A Theologian Success
In the present conjuncture the secret paradigmatic force of transcendentalism and Heideggerianism has begun to fade, making the theoretical projects of Foucault, Deleuze and European post-phenomenological philosophy as a whole substantially indecipherable. The synthesis of Kant and Nietzsche, the convergence of Bergsonism and phenomenology, which was perceived as natural for the readers of Hyppolite and Heidegger, of Vuillemin and Canguilhem, has now lost its obviousness. Transcendental vitalism is now an exotic coin, no longer a spontaneous philosophical attitude.
The positive effect of this redistribution of philosophical attitudes is the resurfacing of the structural incompatibility between transcendentalism and vitalism. Nietzsche's assault on Kant can now be reclaimed from the Heideggerian and neo-Heideggerian taming of vitalism, and restituted to its genetic conditions. First and foremost, Kantianism is in fact for Nietzsche a moral option, a continuation of Christianity and Romanticism, the recreation of "the moral instincts of Christianity". Kant translates and upholds in the scholastic realm Rousseau's "vindictive rancor", his "self-contempt and heated vanity" (Nietzsche 1994, 62). A man of "moral fanaticism", Kant had no eye "for the actuality of his time, e.g., Revolution" and was "untouched by Greek philosophy" (Nietzsche 1994, 60). 22
Since Kant has re-infused Christianity with a subtle "theologian blood", Nietzsche's violent assault on Kant's transcendentalism is a fundamental step in his campaign against European philosophical modernity:
- Germans understand me immediately when I say that philosophy has been corrupted by the theologian blood. The Protestant minister is the grandfather of German philosophy [...] Why did the world of German scholars, three-quarters of whom are pastors' and teachers' sons, go into such fits of delights at the appearance of Kant - why were Germans so convinced (you can still find echoes of this conviction) that Kant marked a change for the better? [... ] A hidden path to the old ideal lay open; the concept of a 'true world', the concept of morality as the essence of the world (the two most vicious errors in existence!) were once again (thanks to an exceedingly canny scepticism), if not provable, then at least no longer refutable [... ] Reality was made into 'mere appearance'; a complete lie called 'the world of being' was made into a reality [...] Kant's success is just a theologian success [...] Kant became an idiot, - And this was a contemporary of Goethe!
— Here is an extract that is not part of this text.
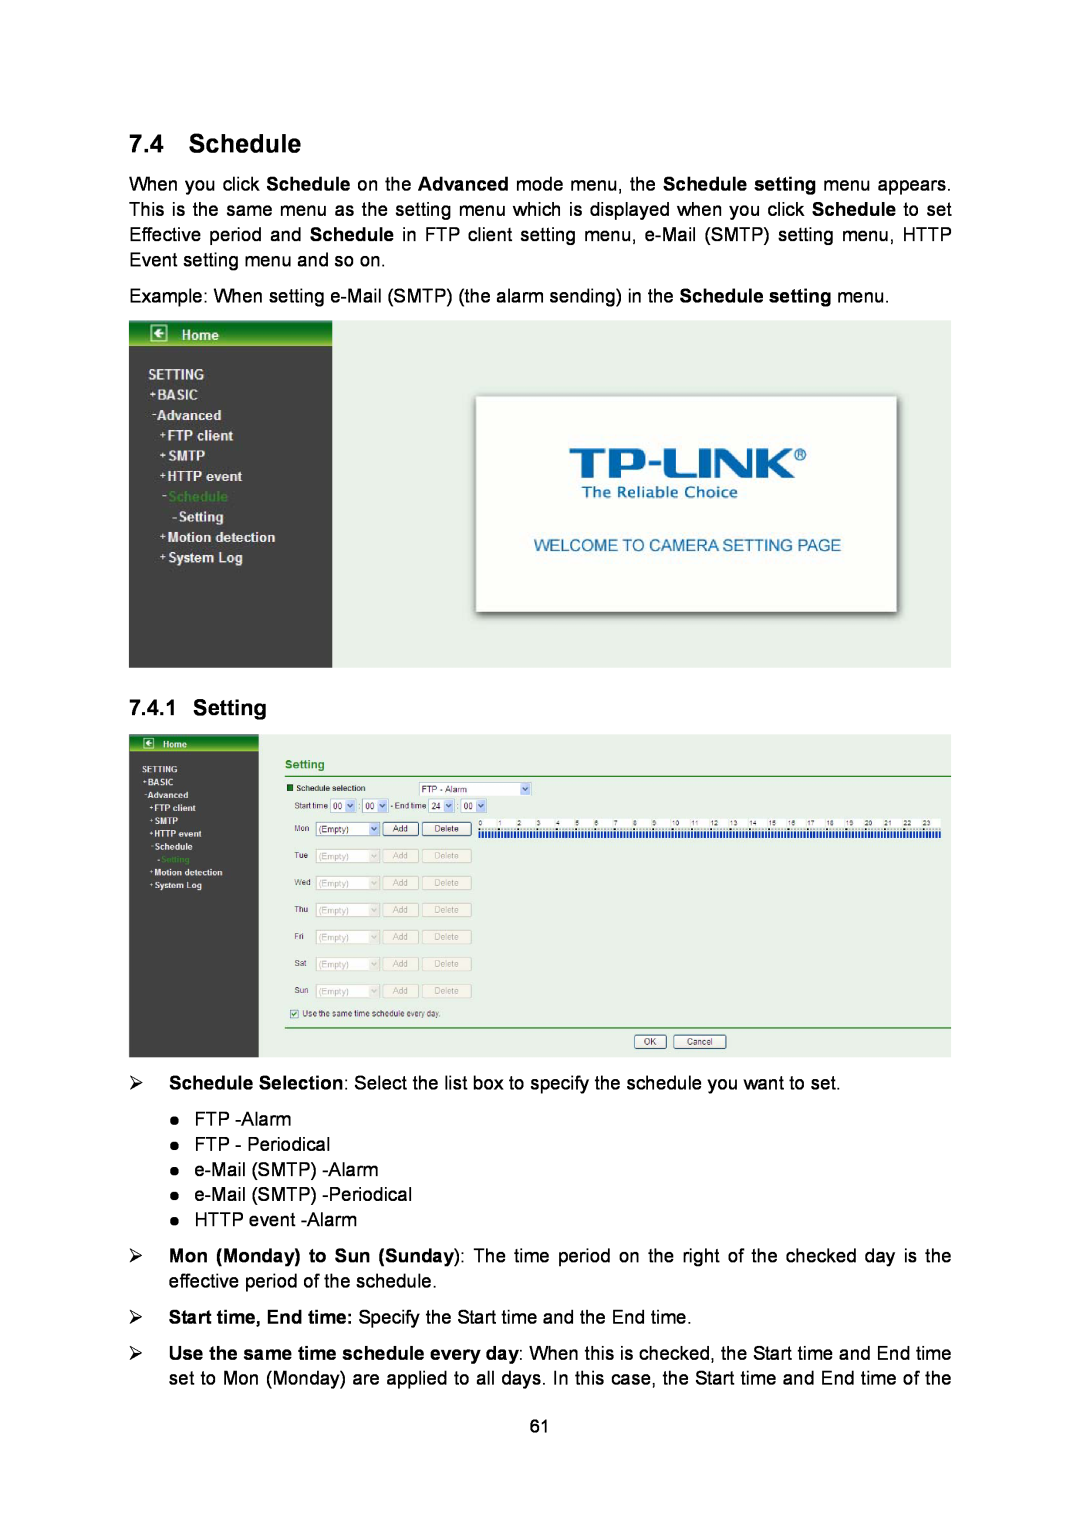 TP-Link TL-SC3130G manual Schedule, Setting 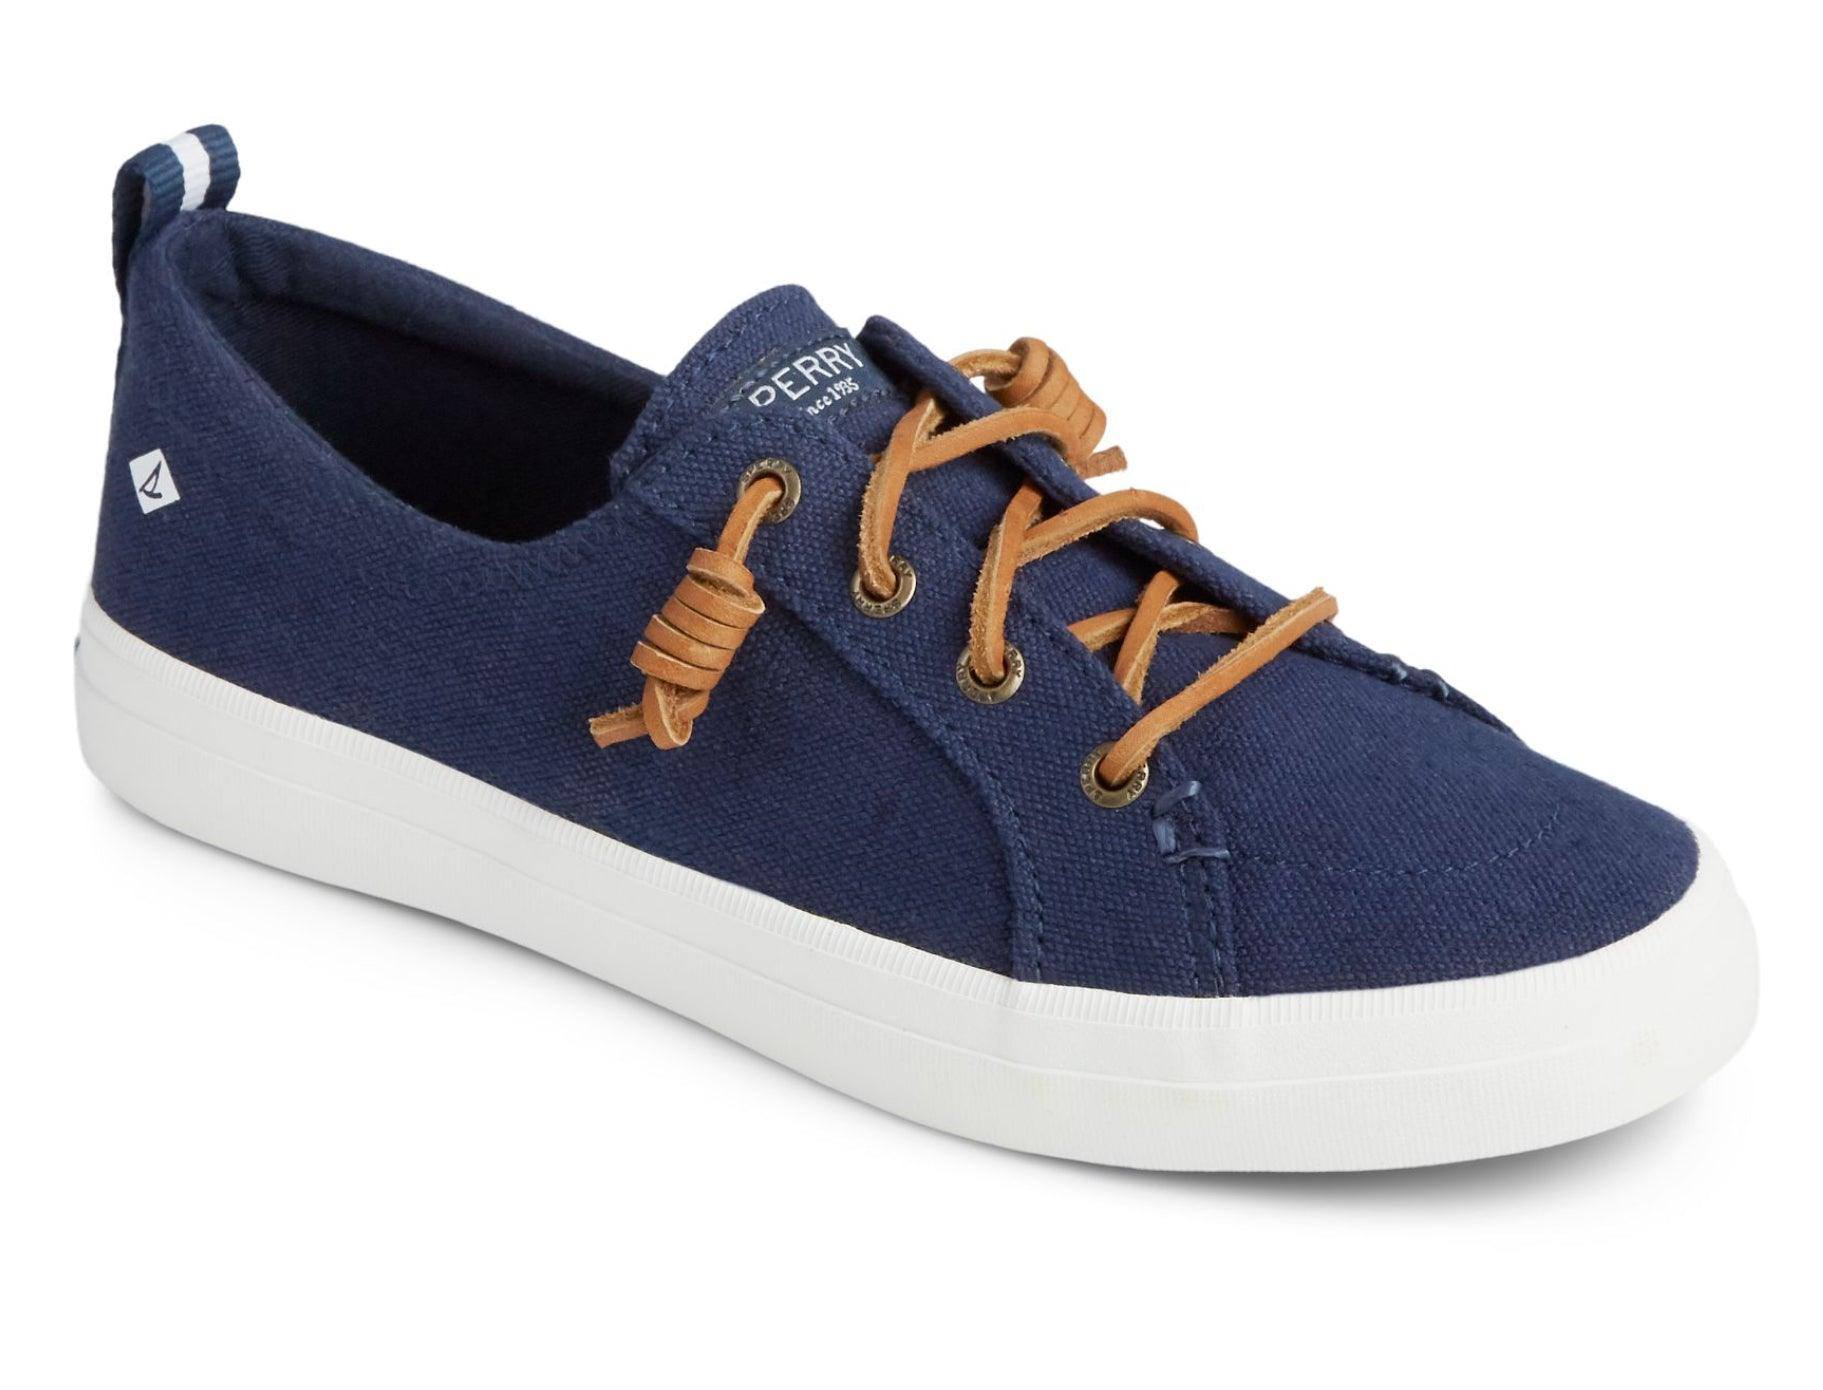 Crest Vibe Linen - The Shoe CollectiveSperry

This disaster of a spider passed for the German philosopher, - and still does! [...] The instinct that is wrong about everything, anti-nature as instinct, German decadence as philosophy - this is Kant! - (Nietzsche 1994, 9). 23
If we accept the Nietzschean and Bergsonian refutation of Kantian modernity, we might be able to extract from Foucault's self-imposed alliance with criticism and European Enlightenment the seeds of a contemporary form of non-transcendental thought. Are there, in the "Foucault effect", any sparkles of an "affirmative biopolitics"? 24 What vitalist antidotes can we detect in Foucauldianism if we decide to counter the "subterranean Christianity" of Western philosophical modernity with an immanentistic reorientation?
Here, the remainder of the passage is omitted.